As teenagers go, I was a good kid.  A 16-year-old public high school senior when this event occurred, I was editor of the school paper and president of the school’s service organization.  In earlier years I had been Secretary of the Organ Club (music, not donors).  So, I just want to say, Your Honor, that I wasn’t exactly going around breaking car windows on Halloween like some of the miscreants in my own neighborhood. 

I have read that the frontal lobe of the brain, the area associated with judgment, doesn’t reach maturity until the mid-to-late 20’s.  (I think we all know people in whom it never matures at all.)

The school service organization had decided the year before that as their major service project, they would adopt a Korean orphan which had a financial commitment of $10 a month – a  significant sum at the time.  We were clear that if we failed to raise this money, our orphan would starve. 

In the fall of 1964 when I was at the helm of this organization, we realized that due to orphan payments over the summer when we had no revenue, we would be short for our November 1 payment. Asking parents to fund this shortfall would never have been considered; it was our responsibility. The club decided to raise money by selling caramel apples door to door. Caramels were fortunately on sale but we’d never be able to make the required profit if we had to buy apples as well.  Came a voice from the back of our planning meeting: “What about Rockefeller’s apple orchards? He’s got plenty.”  We all lit up. It was like a bolt of lightning from a sociopathic higher being.

A little ways down the road from my New York City commuter burb was Pocantico Hills, the site of the Rockefeller estate.  On many occasions, we had driven past his apple orchards.  And yes, he did have plenty.

So, is Your Honor asking if we knew that what we were doing was wrong?  Well, the fact that we went at dusk might suggest so. With me driving my father’s car, five of us, clad in dark clothing, parked alongside the road, and, baskets in hand, crept stealthily up the hill.  Two of us climbed the trees and shook down apples while the other three loaded them into the baskets. 

In my memory, we heard a shot. Like from a gun.  But what we definitely heard was shouting in our direction and persons of a guard persuasion running in our direction. Terrified, we jumped out of the trees, grabbed the baskets and tore down the hill, hurling the apples into the trunk and blasting out of there at excessive speed, me driving the getaway car.   

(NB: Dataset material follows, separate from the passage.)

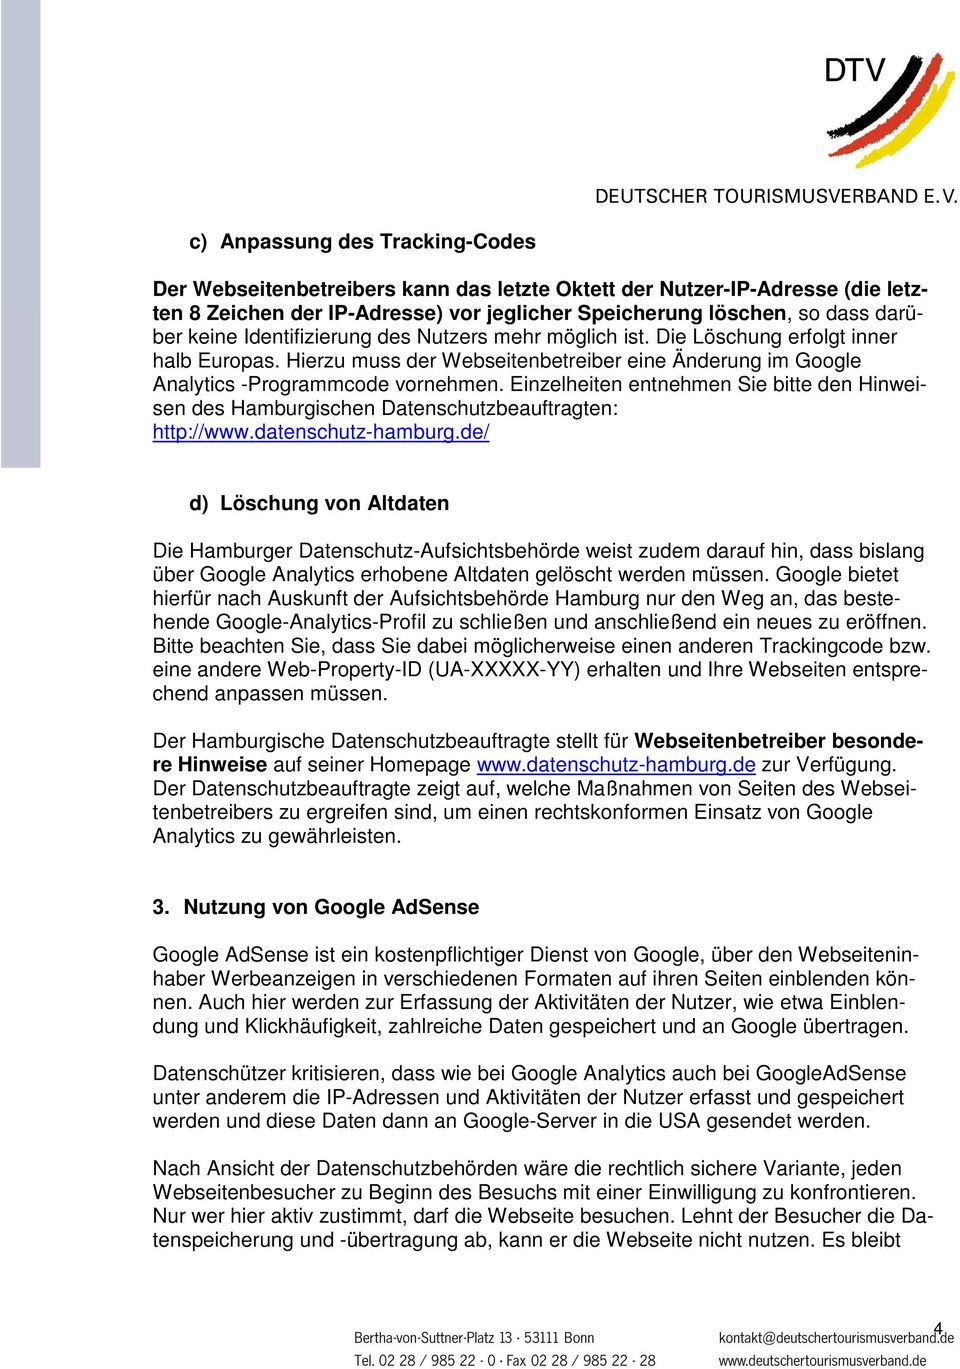 Einzelheiten entnehmen Sie bitte den Hinweisen des Hamburgischen Datenschutzbeauftragten: http://www.datenschutz-hamburg.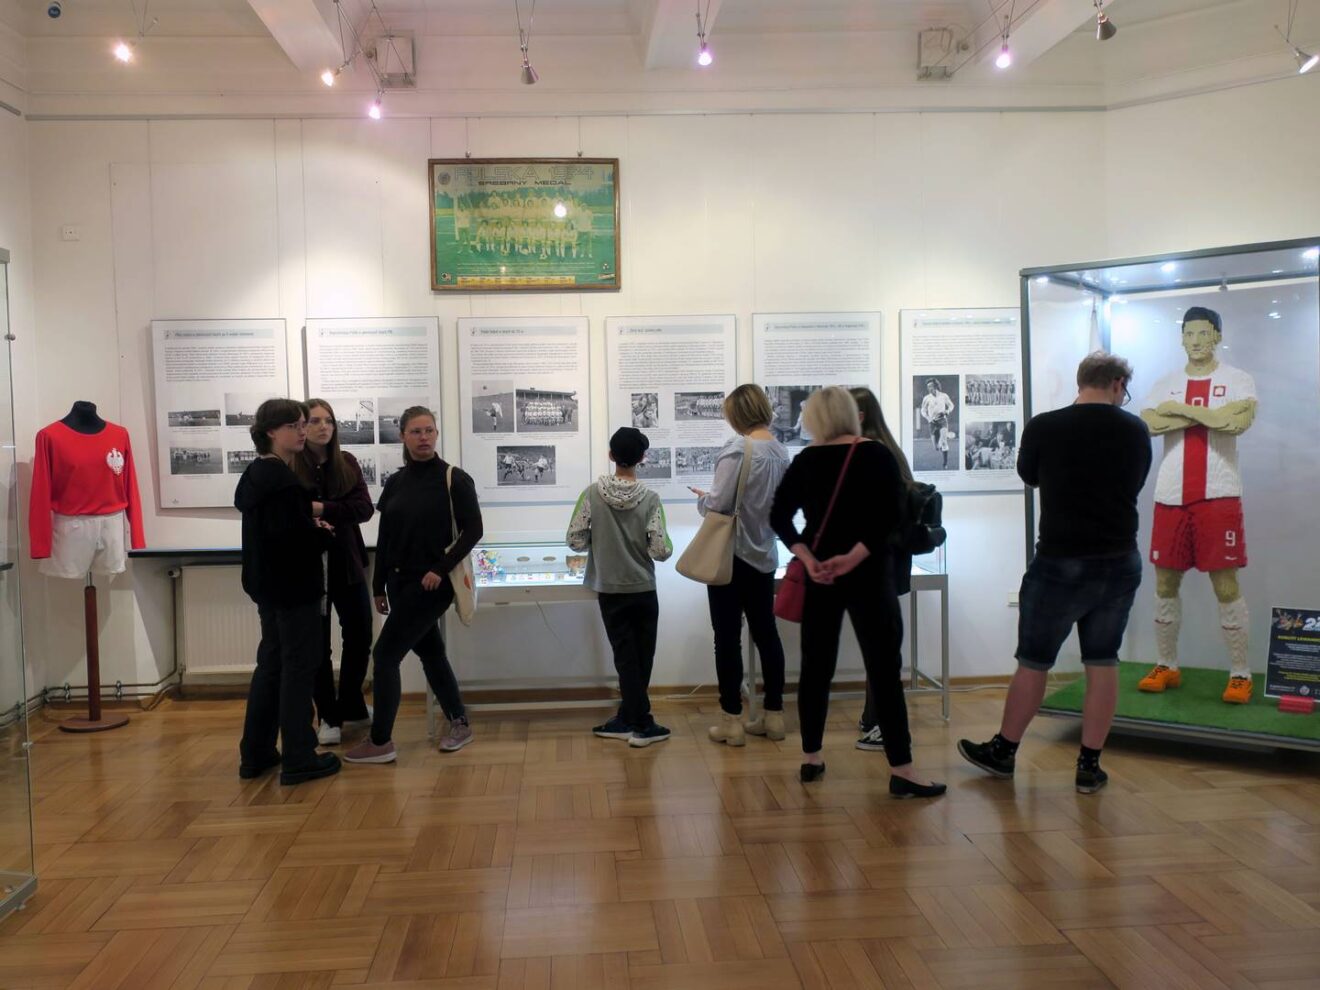 Grupa osób zwiedzająca wystawę o piłce nożnej.

For the next three days, I fully expected the police at our door ready to arrest Dad for being an accessory to a felony fruit heist. 

But opportunities to wield the poor judgment of our not-yet-mature frontal cortexes were not over.  The next morning our club convened at the home of another member to make the caramel apples. As we unloaded the apples from the trunk, a terrible reality hit us that we weren’t aware of earlier given the dim light of early evening.  It was the very end of the apple season and while these apples weren’t flat-out rotten, their best days were well behind them. 

We stood in the kitchen in silence looking at this sad collection of semi-decaying fruit and pondering our next move when someone said, “Well, we’re going to cover them with caramel, right?”  The God of Frontal Lobe Deficiency was working overtime that day.

I would like to say in my defense, Your Honor, that if we saw an actual worm in the apple, we didn’t cover it in caramel. Even we had some (very very minimal) standards. And so, we set to work, washing (yes, we did wash them first) and dipping our apples in melted caramel, and then meting out an equal number to each club member to sell in her neighborhood.  Instructions were clear: Make the sale and move on. Quickly. Remember: it’s for the orphan.

We did indeed make enough money to cover our orphan for the month.  At our next club meeting, when our faculty advisor learned how these funds had been raised, the color drained out of her face. 

So, creepy Halloween miscreants, you’re still not forgiven for vandalism in my neighborhood. But in my heart of hearts, I know your type.